The notion of creation ex nihilo — or the production out of non-being — is common among the early Fathers of the church, and though it has Christological implications, it is primarily employed to avoid a theory of creation as emanation. Such a theory would seem to draw the creatures out of God’s own substance. By implication, creatures would then be divine by nature. . . .
From these various sources [Irenaeus, St. Anselm, Thomas of Aquinas, etc.] the world was created neither out of pre-existent matter nor out of the divine being but by the free will of God. God’s freedom is not primarily power but love, which means self-communication. God creates out of love. . . .
. . . Creation has its roots and reason in the reality of God characterized by freedom and especially by love. Love must mean the self-communication of the good. Creation manifests God’s boundless power as it communicates God’s love. Creation out of God’s goodness . . . [is] an act of self-communication. . . . The biblical tradition is the proclamation that there is only one who is truly God, a God who loves unconditionally. The theological maxim creatio ex nihilo arose when the idea of creation by sheer loving will was combined with the biblical insistence on God as the Creator of all.12
The Anglican scholar, John Polkinghorne, echoes this same theme when he states:
The dominant image [of the Old Testament] is the value of creation and the power of its Creator. . . . A similar theme recurs in the prophetic writing most concerned with these matters, Second Isaiah. God is the ground of all that is: “For thus says the Lord who created the heavens (he is God!), who formed the earth and made it (he established it; he did not create a chaos, he formed it to be inhabited!), ‘I am the lord, and there is no other’” (Isaiah 45:18). He is no deistic God content with what he has done, but he is active, his care continues: “Behold, the former things have come to pass, and new things I declare; before they spring forth I tell you of them” (Isaiah 42:9). God’s world is one of dynamic becoming, not static being. . . . The comparison with the endlessly cyclic nature-religions of Canaan and Babylon, and the perpetual status quo of Egypt, is very striking.13
Lucien Richard makes the culminating point:
The idea of creation as a form of divine self-giving, a love that goes out of itself to bring about fully responsive reality, demands that Godself be put at the disposal of creatures and limited in relation to them. Creation as the effect of God’s boundless and ecstatic love implies a self-limitation of God.14
Contrary to age-old mythologies, Creation does not involve a mythical battle against chaos. It is not the result of violent weaponry. It is not an act of hateful retaliation against some preexistent reality. Creation is not the adversary, prisoner or slave of a god of self-existence. Rather, Creation is the loving gift of the God of self-limitation.

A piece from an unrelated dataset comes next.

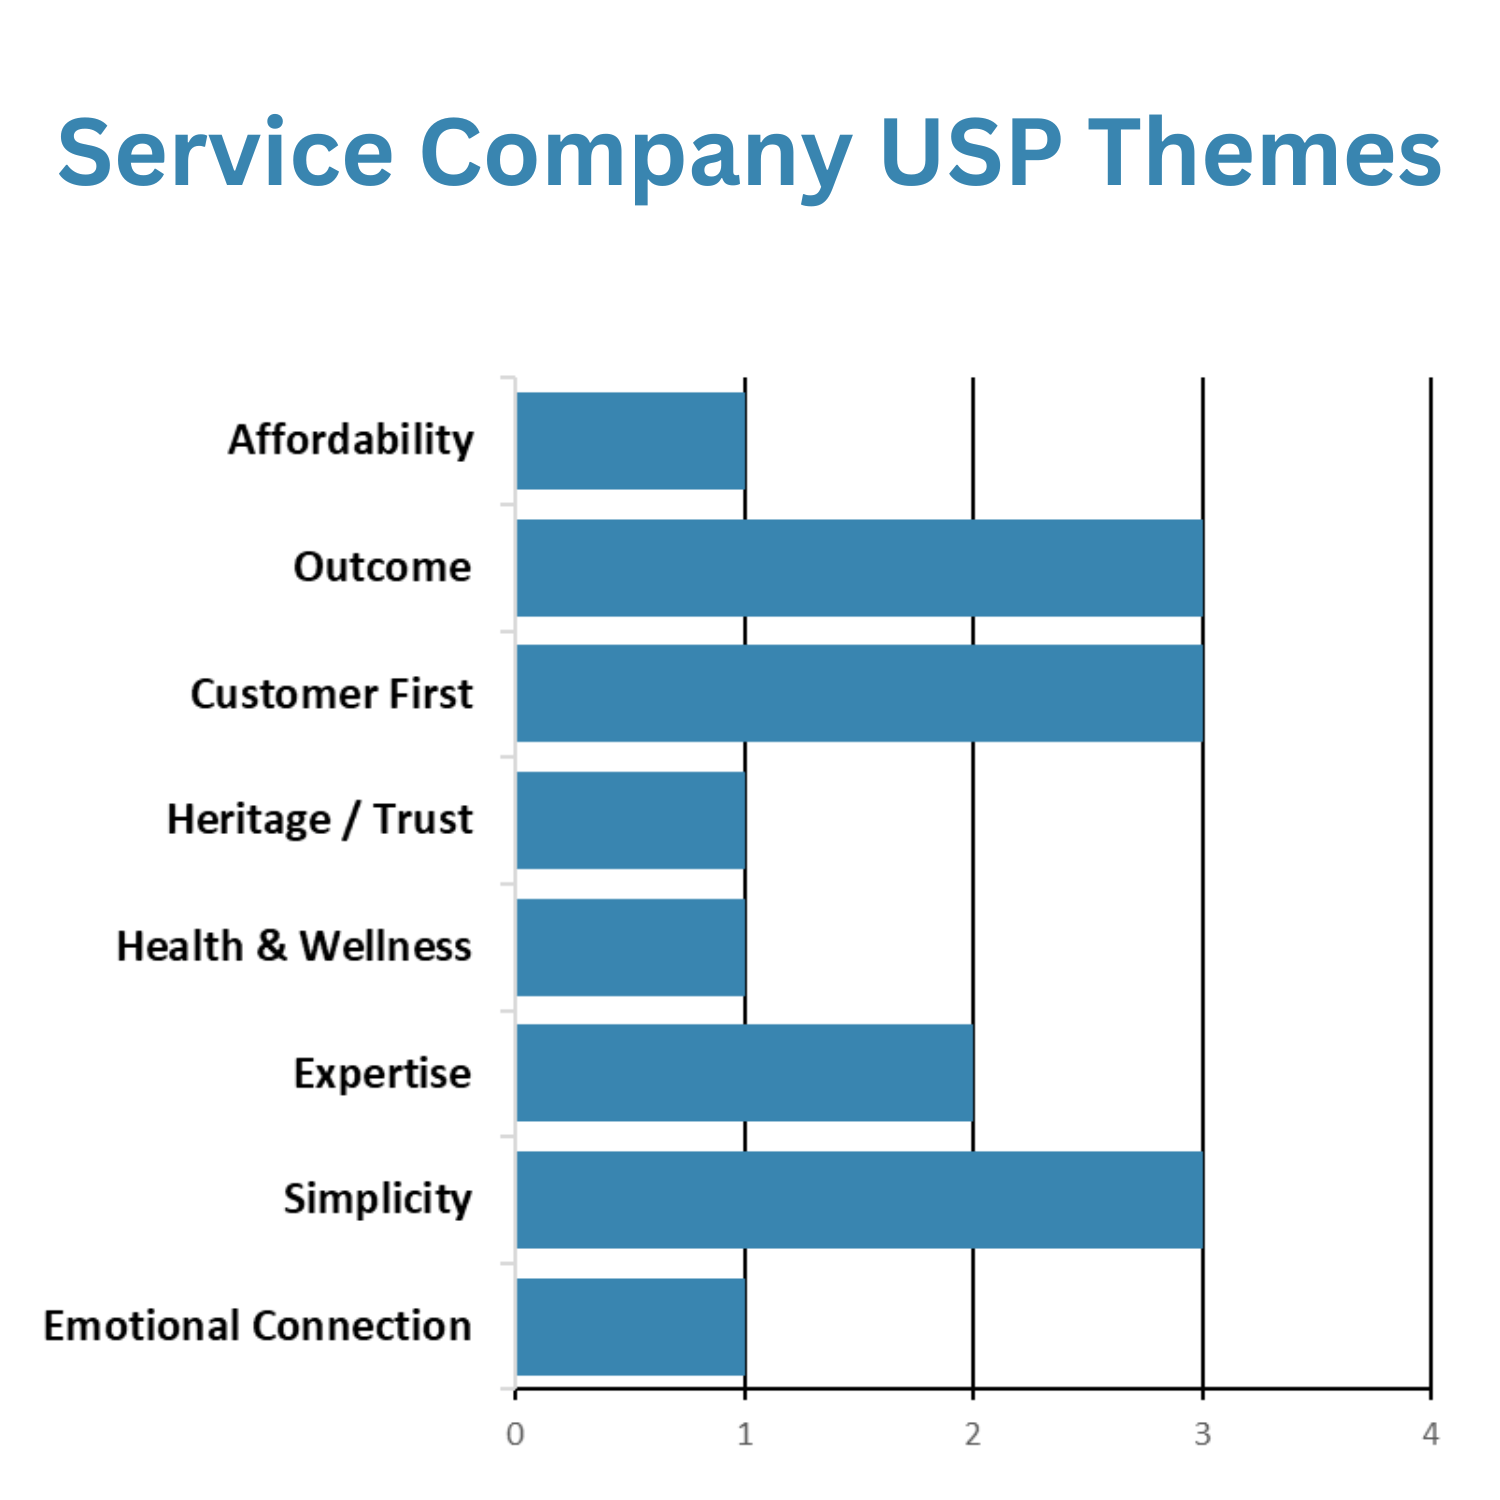 Service Company USP Themes

Having chosen to forever abandon his own self-existence, God could not act through a surrogate, substitute or subordinate deity. He himself acted as Jesus Christ through his own self-emptying, self-limiting Sonship. Likewise, having chosen to terminate the delusional self-existence of humanity, God could not act through a substitute or surrogate human. He himself acted as the Adamic Father to become the true progenitor of the human race.
In view of this mighty act of God in history, we today earnestly await the manifestation of his recreative, regenerative, transformative love as Spiritus (Spirit) Creator on behalf of the human race.

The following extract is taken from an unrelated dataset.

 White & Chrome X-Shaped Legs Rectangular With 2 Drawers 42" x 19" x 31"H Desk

- Webster’s New World Dictionary, 2nd college ed., s.v. “Self-existent.” (go back)
- See “The Most Painful Difficulty,” Outlook (September/October 2004) (originally published as an April 1998 prequel to subsequent online Outlook articles and therefore not duplicated as an online Outlook prequel); “‘From the House of Bondage,’” Outlook (Prequel 1998.3); “In the Aftermath . . . ,” Outlook (Prequel 1998.4). (go back)
- See “In the Aftermath . . . ,” Outlook (Prequel 1998.4). (go back)
- Mircea Eliade, The Myth of the Eternal Return, or Cosmos and History (Princeton, NJ: Princeton University Press, 1954), p. 11. (go back)
- Ibid., p. 55. (go back)
- Karen Armstrong, A History of God: The 4000-Year Quest of Judaism, Christianity and Islam (New York: Alfred A. Knopf, 1994), pp. 8, 9, 29. (go back)
- See Karl W. Luckert, Egyptian Light and Hebrew Fire: Theological and Philosophical Roots of Christendom in Evolutionary Perspective (Albany, NY: State University of New York Press, 1991), pp. 55, 119, 138, 139, 193, 196, 310. (go back)
- See Britannica Online, s.v. “Hermann Gunkel (German Biblical Scholar),” at www.britannica.com/biography/Hermann-Gunkel. (go back)
- Tikva Frymer-Kensky, “Creation Myths Breed Violence,” Bible Review 14, no. 3 (June 1998): 17, 47. (go back)
- New English Bible. (go back)
- Armstrong, History of God, p. 395. (go back)
- Lucien Richard, Christ: The Self-Emptying of God (New York: Paulist Press, 1997), pp. 128-131. (go back)
- John Polkinghorne, Reason and Reality: The Relationship between Science and Theology (Philadelphia: Trinity Press International, 1991), p. 71. (go back)
- Richard, Christ: The Self-Emptying of God, p. 137. (go back)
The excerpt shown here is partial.